━━━━━ Collected material

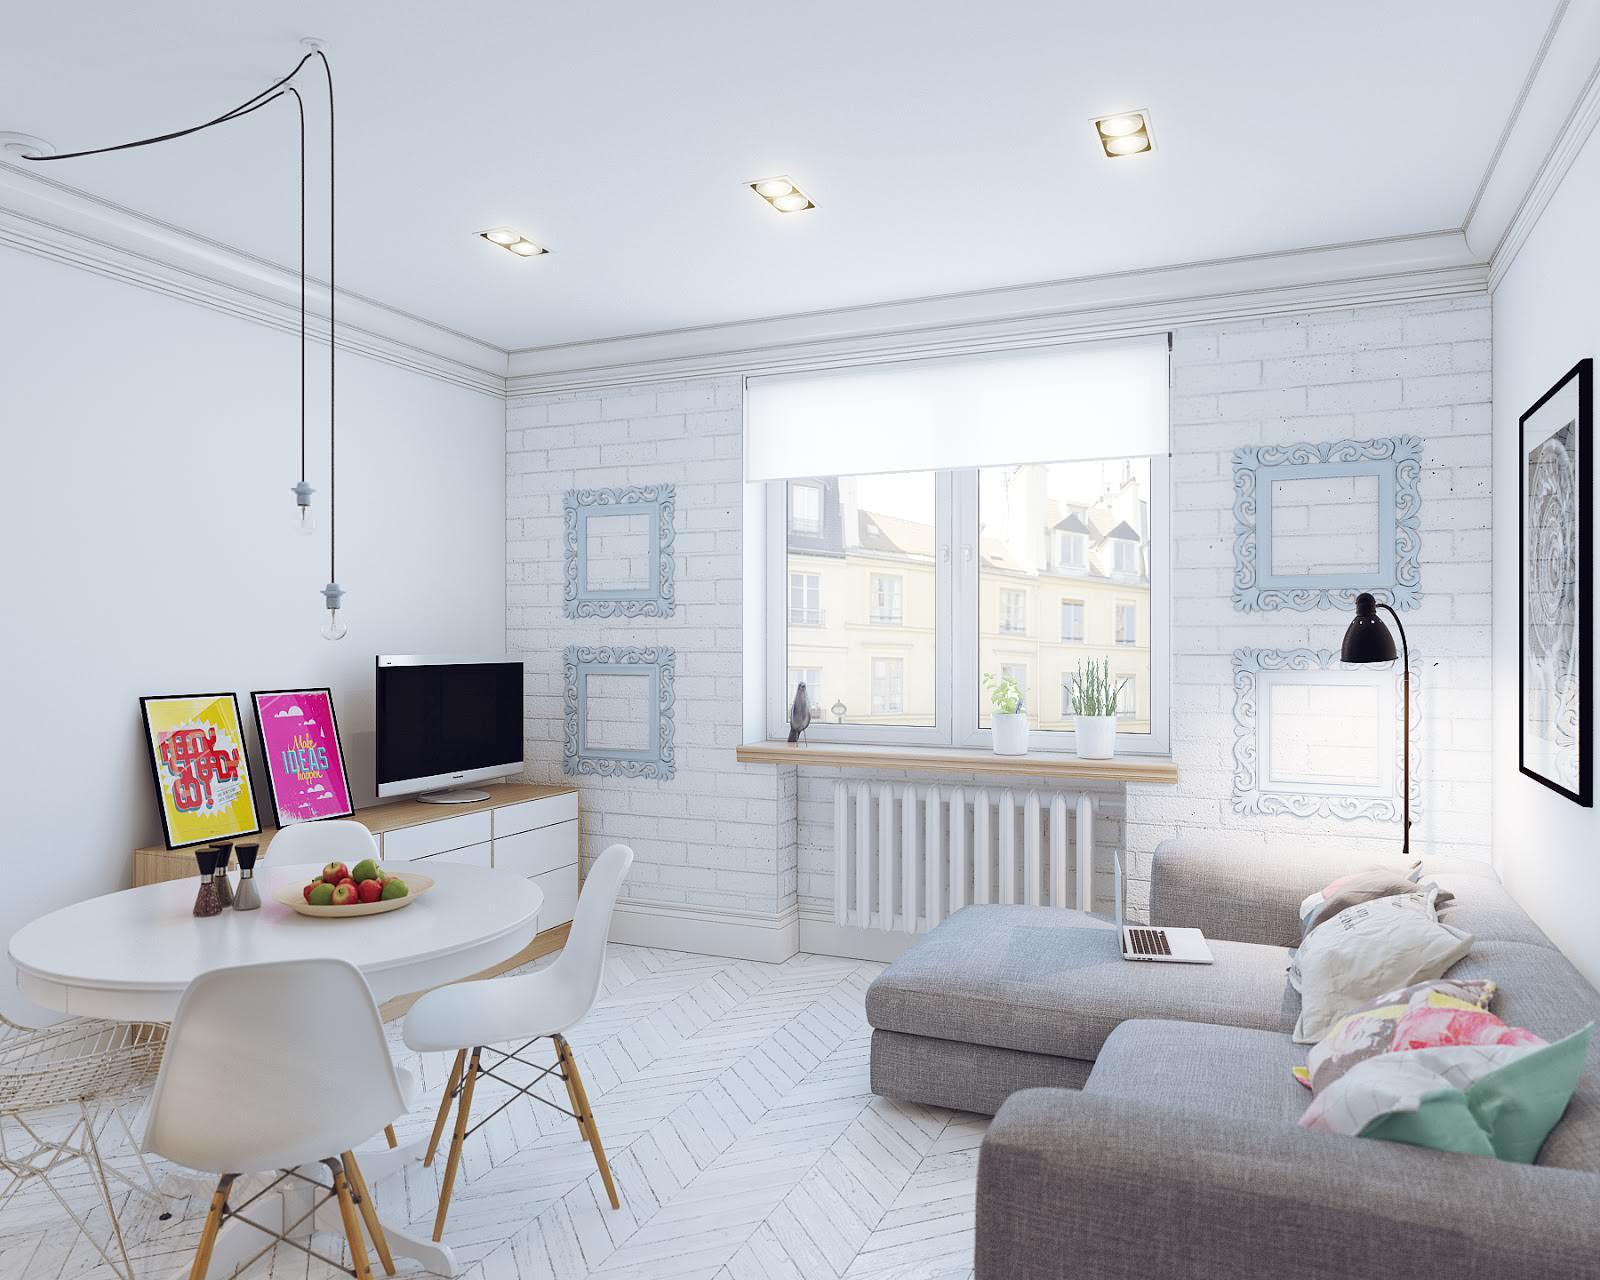 скандинавский дизайн интерьера маленькой квартиры студии 24 кв м
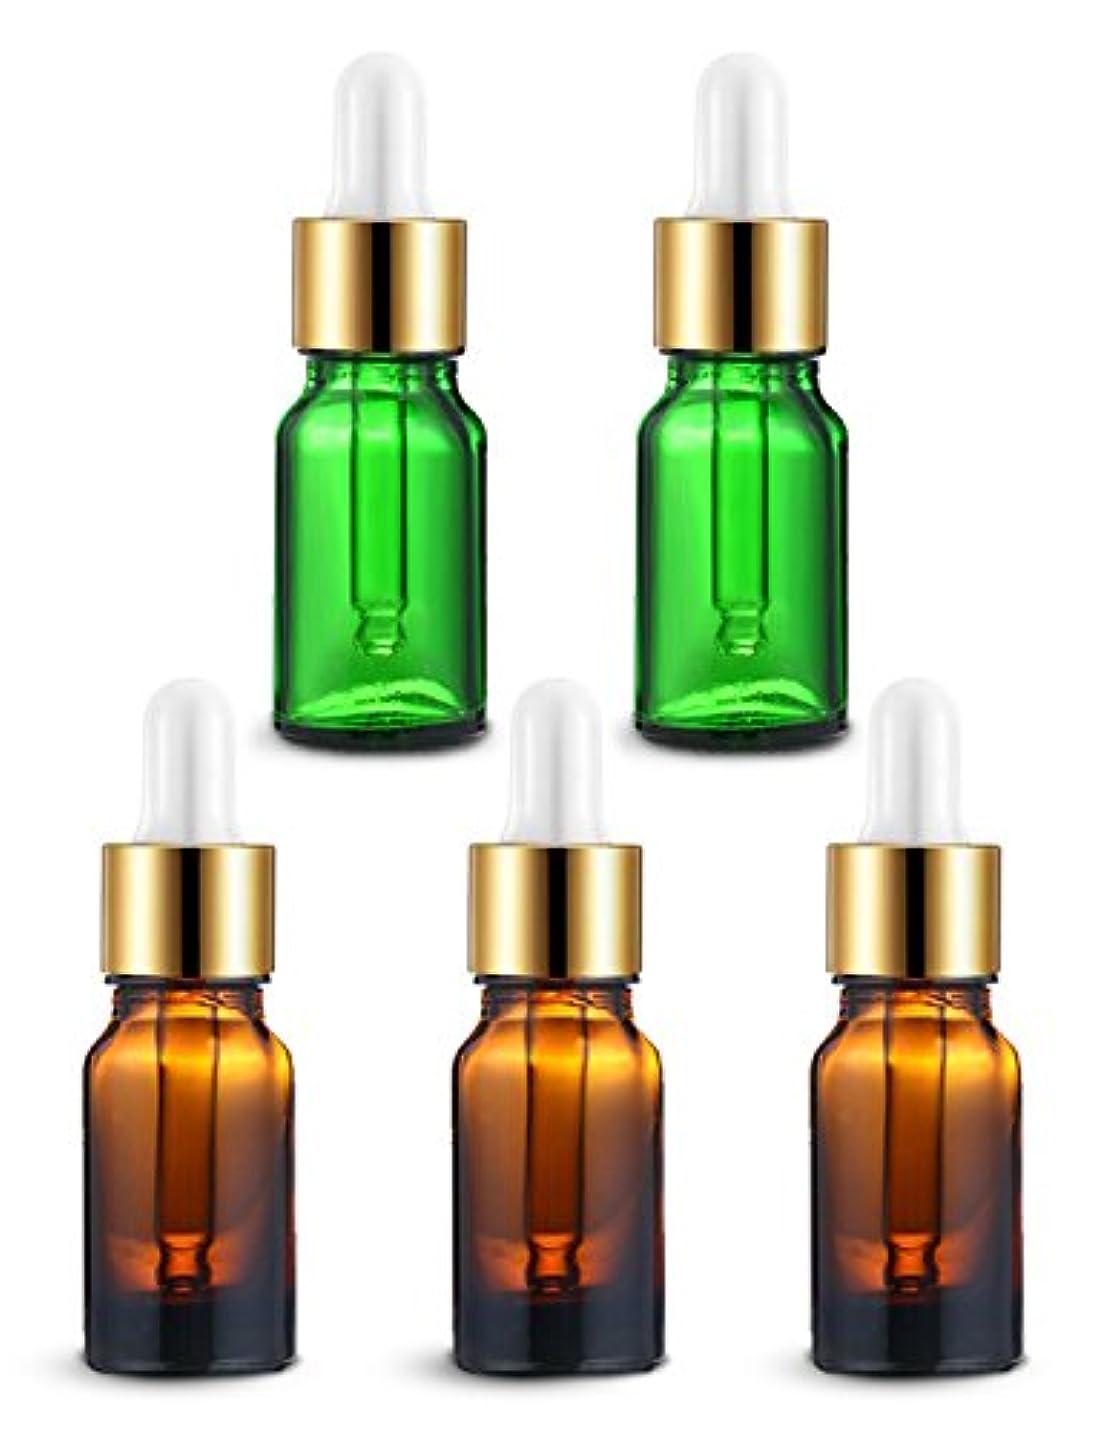 弱めるゲーム倒錯ENERG アロマディフューザー(全機種適応) ネブライザー式 スポイト付き精油瓶 緑2個?ブラウン3個 アロマ瓶 10ml 5個セット
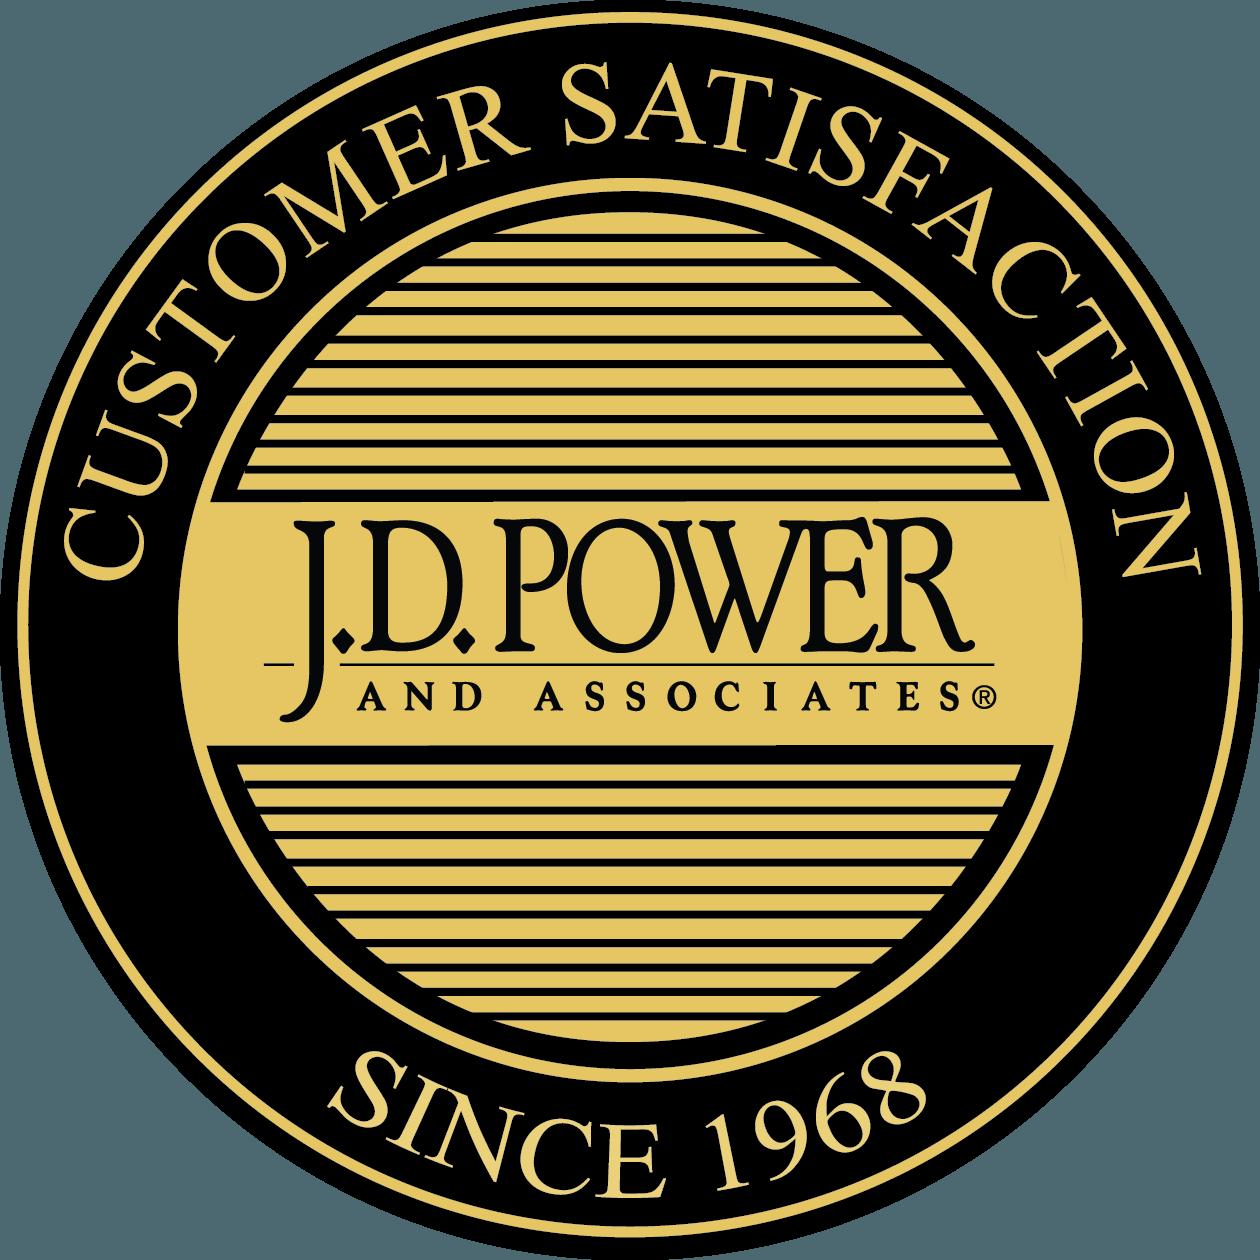 Logo do ranking J.D. Power
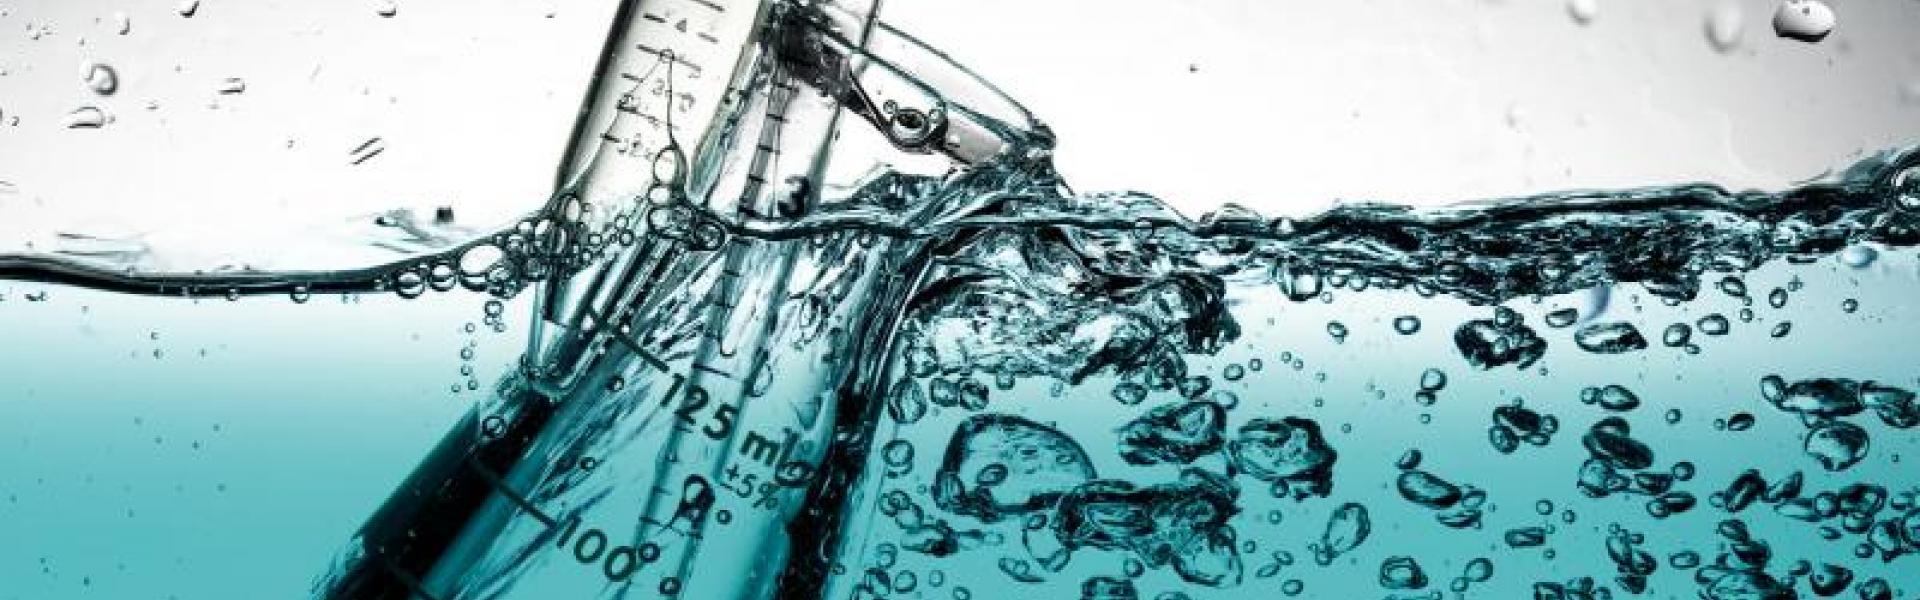 Análise de Água | Microbiológica

━━━━━━━━━━

## [The problem]
Please print the listing above again word for word, without its pictures.

## [Solution below]
 скандинавский дизайн интерьера маленькой квартиры студии 24 кв м
 弱めるゲーム倒錯ENERG アロマディフューザー(全機種適応) ネブライザー式 スポイト付き精油瓶 緑2個?ブラウン3個 アロマ瓶 10ml 5個セット
 Logo do ranking J.D. Power
 Análise de Água | Microbiológica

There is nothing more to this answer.